Aim: To identify the prevalence of chromosomal abnormalities in a cohort of primary amenorrhoea patients and to evaluate the various pattern of chromosomal abnormalities.
Materials and Methods: This retrospective study was conducted at Government Medical College, Thiruvananthapuram, Kerala, India (serves as a referral centre for most of south Kerala and adjoining districts of Tamil Nadu), from January 2013 to December 2020. All phenotypically females, in the age group of 15-30 years, attending the Genetic Clinic with a diagnosis of primary amenorrhoea were evaluated with karyotype from peripheral blood as per the standard protocol. An abstraction proforma was used to collect the data from the master case sheet available in the genetic laboratory. Cytogenetic abnormalities were described as per the standard International System for Human Cytogenomic Nomenclature (ISCN). For statistical analysis, proportion of cases with chromosome abnormality in the cohort was described as percentage.

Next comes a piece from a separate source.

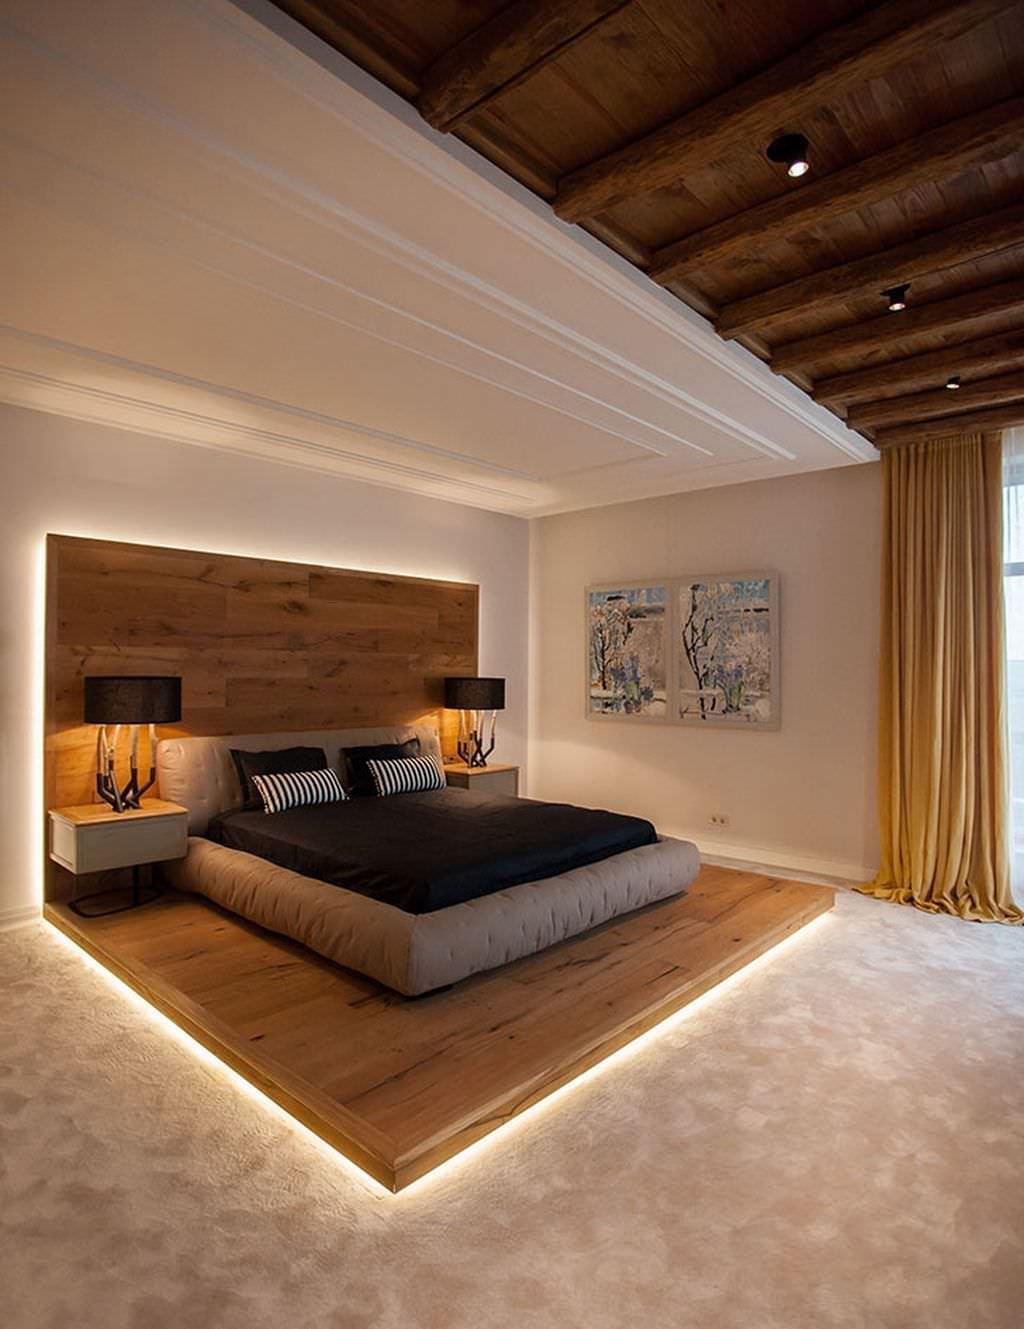 Camera Da Letto Giapponese 100 idee camere da letto moderne • colori, illuminazione

Results: Chromosomal analysis revealed 25.5% (38 out of 149) with abnormal karyotype. Among the abnormalities, the most common abnormality was 45, X (12, 31.6%) Turners syndrome. Other abnormalities included sex reversal female (46, XY) in six (15.8%), isochromosome Turner syndrome in five (13.1%), partial deletion in X chromosome in three (7.8%) and various combination of mosaic pattern in nine (23.7%) cases. Hypergonadotropic hypogonadism was significantly associated with chromosomal abnormality.
Conclusion: Cytogenetic abnormality is a cause for primary amenorrhoea in a significant proportion of cases and karyotype should be an integral part of evaluation in such cases. In resource limited settings, karyotype is having more clinical utility in cases with hypergonadotropic hypogonadism.